Without the images, repeat every line of the listing verbatim.

- **Data below**:
- Opening Delimiter -

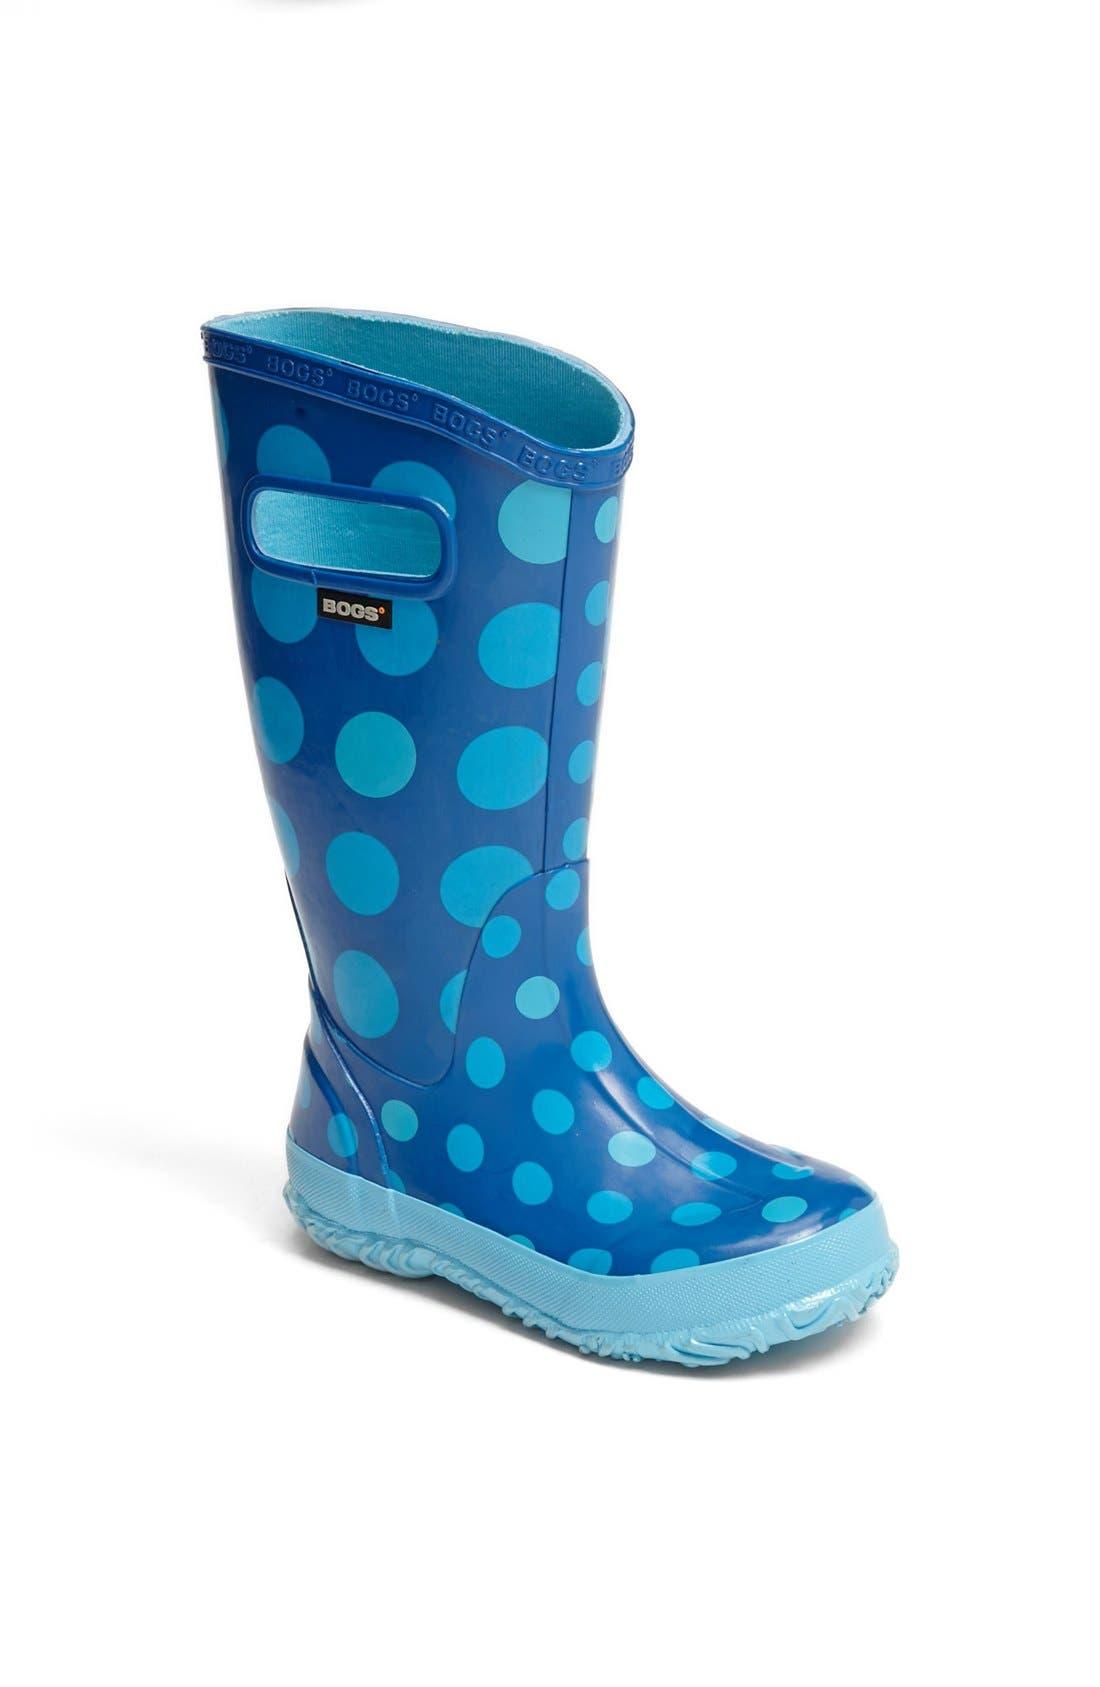 Alternate Image 1 Selected - Bogs 'Dots' Rain Boot (Walker, Toddler, Little Kid & Big Kid)
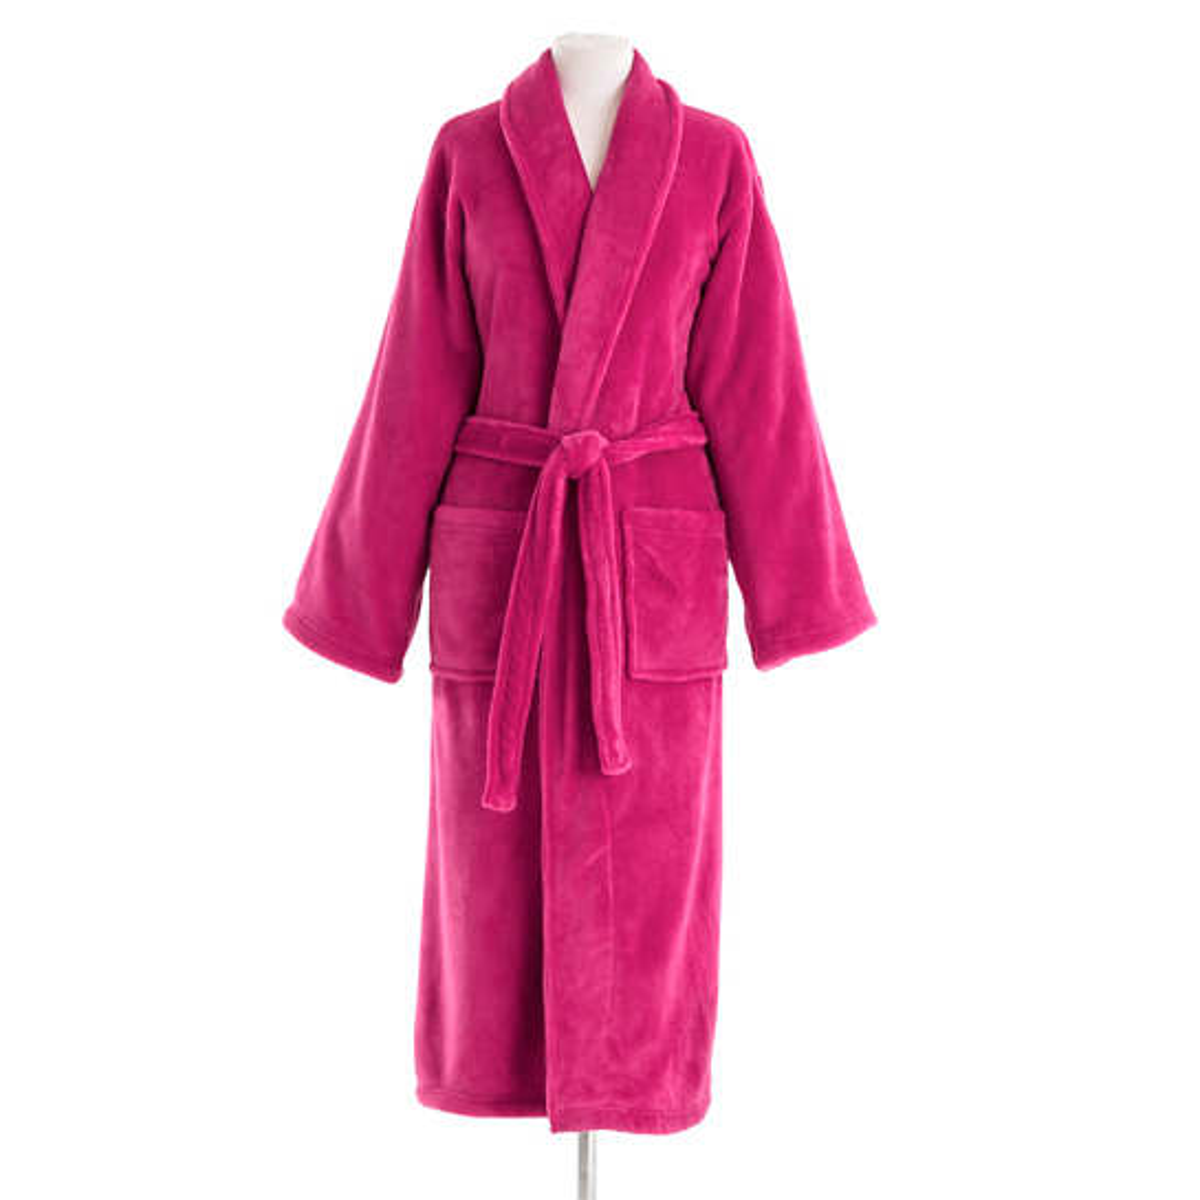 Sheepy Fleece Magenta Robe
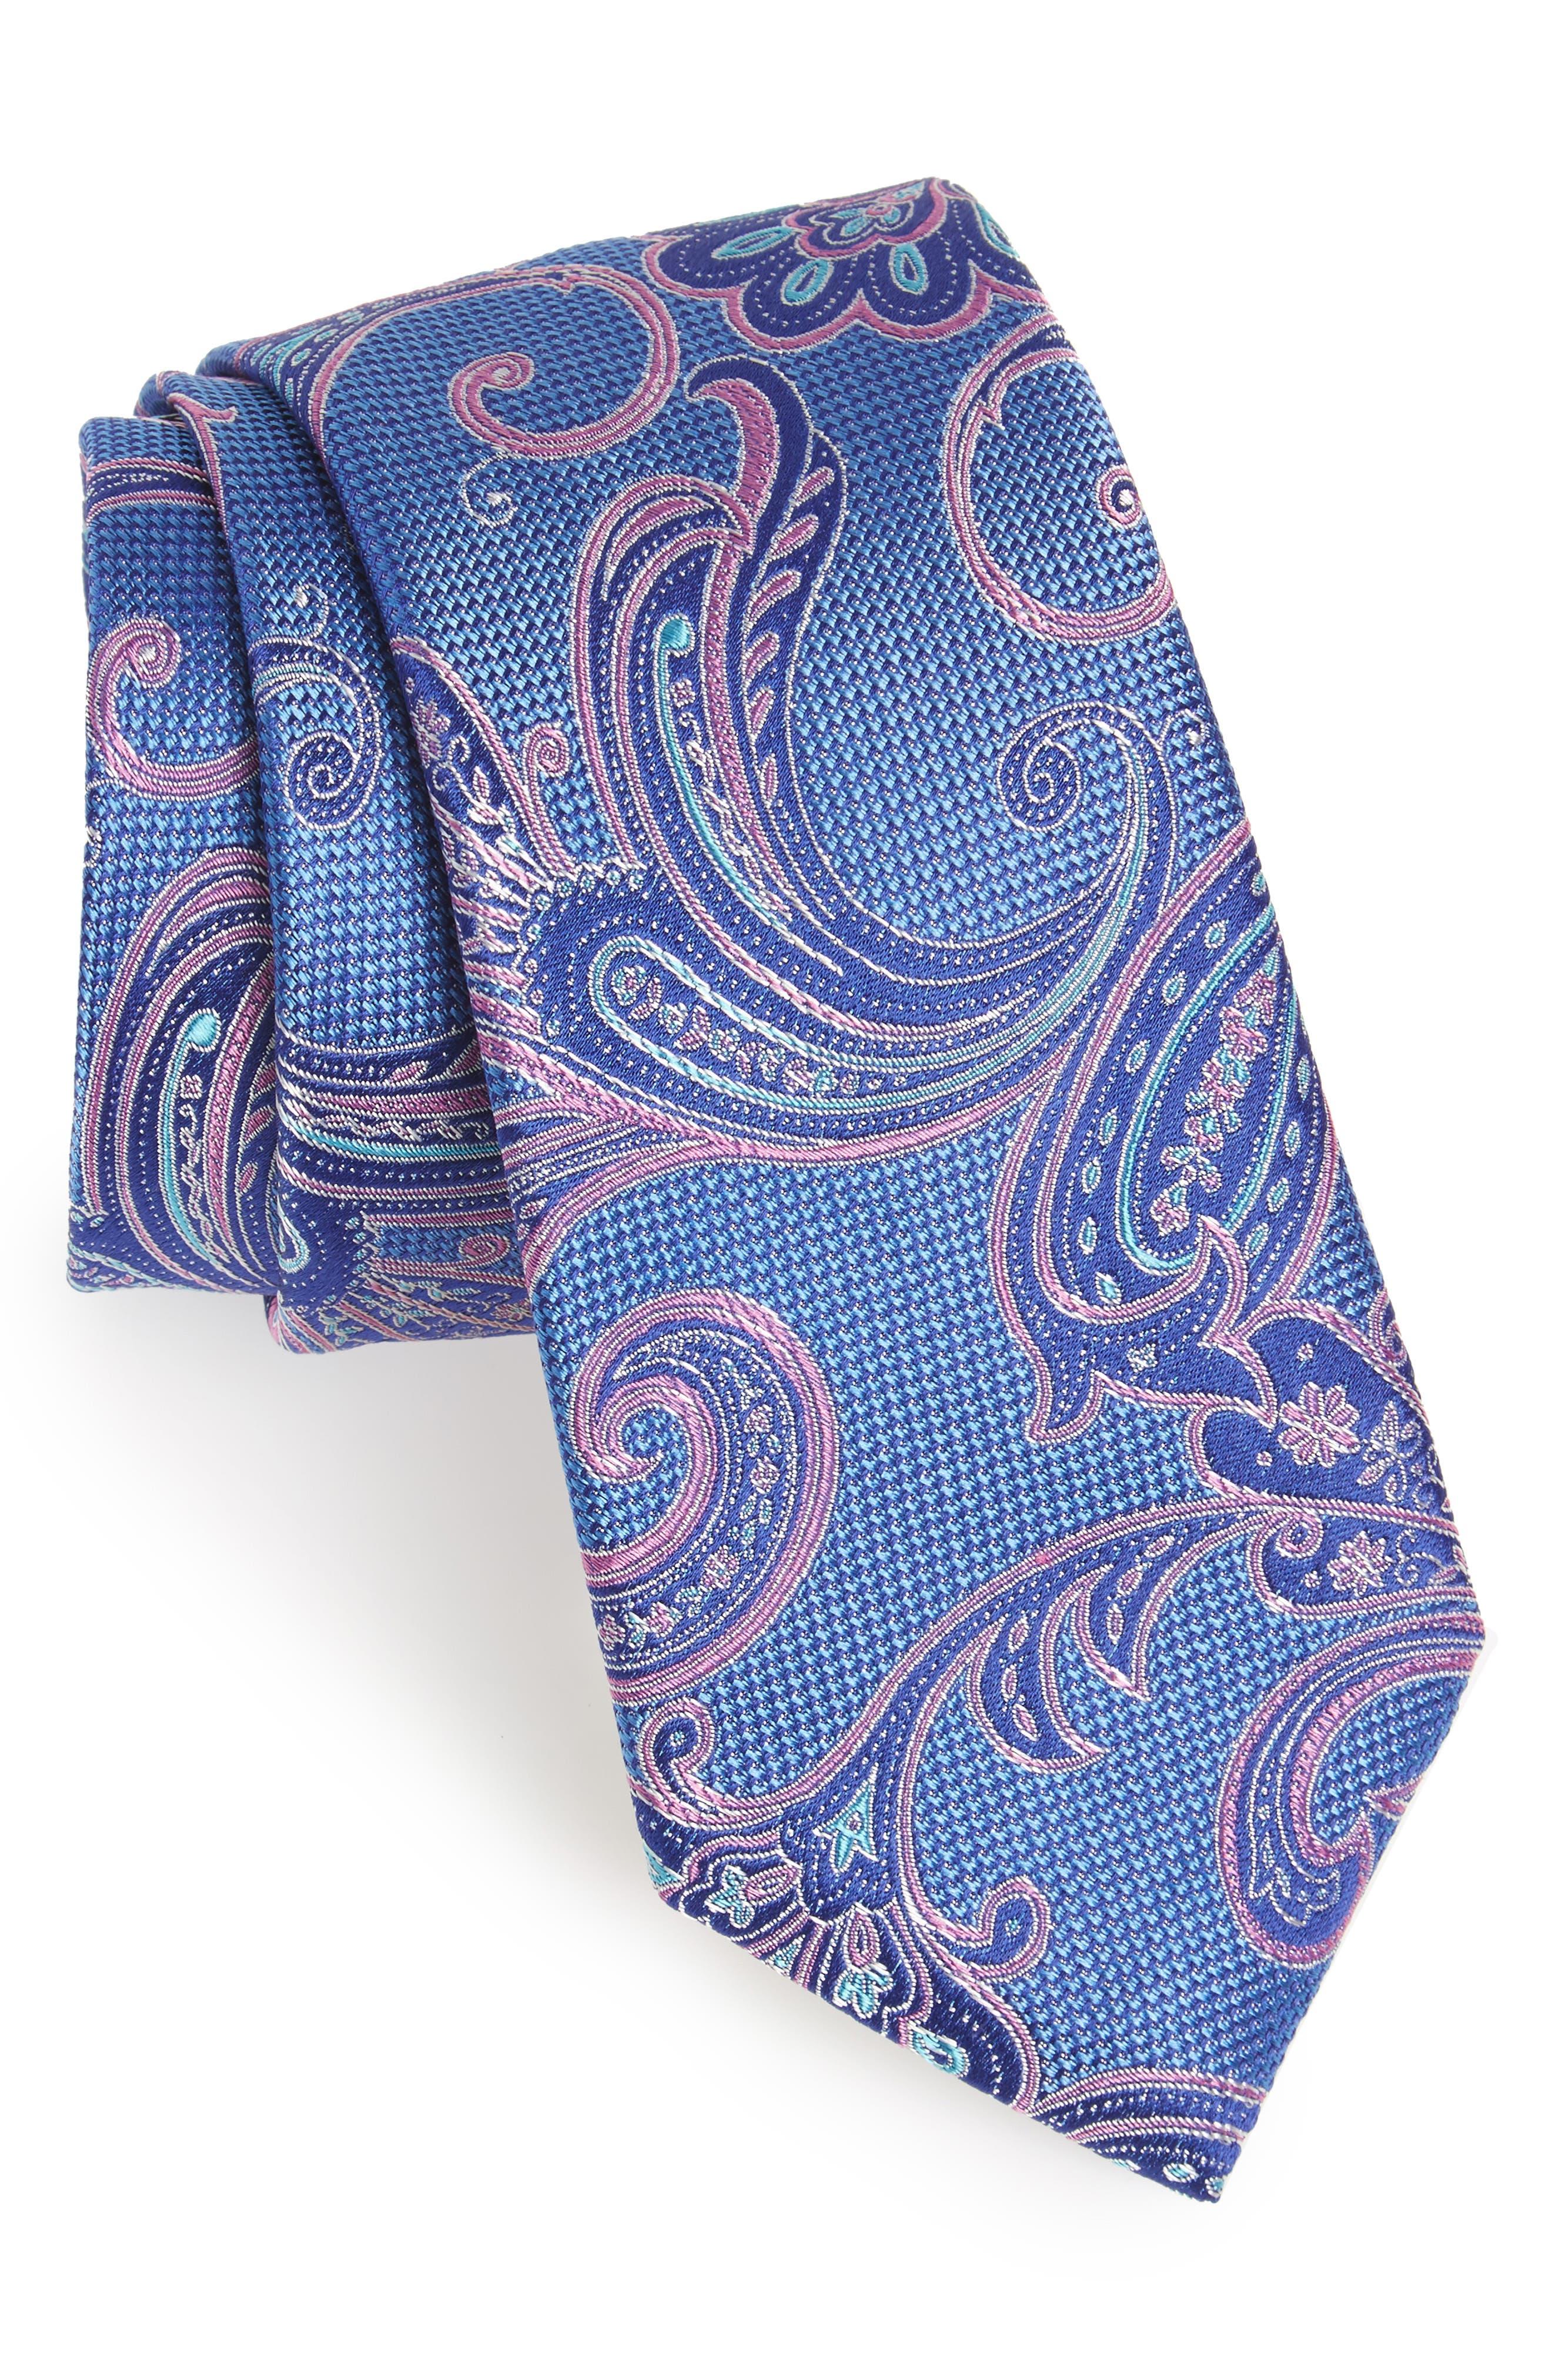 Bennett Paisley Silk Tie,                             Main thumbnail 1, color,                             OCEAN

- Closing Delimiter -

- **Completed exercise**:
 Alternate Image 1 Selected - Bogs 'Dots' Rain Boot (Walker, Toddler, Little Kid & Big Kid)
 Sheepy Fleece Magenta Robe
 Bennett Paisley Silk Tie,                             Main thumbnail 1, color,                             OCEAN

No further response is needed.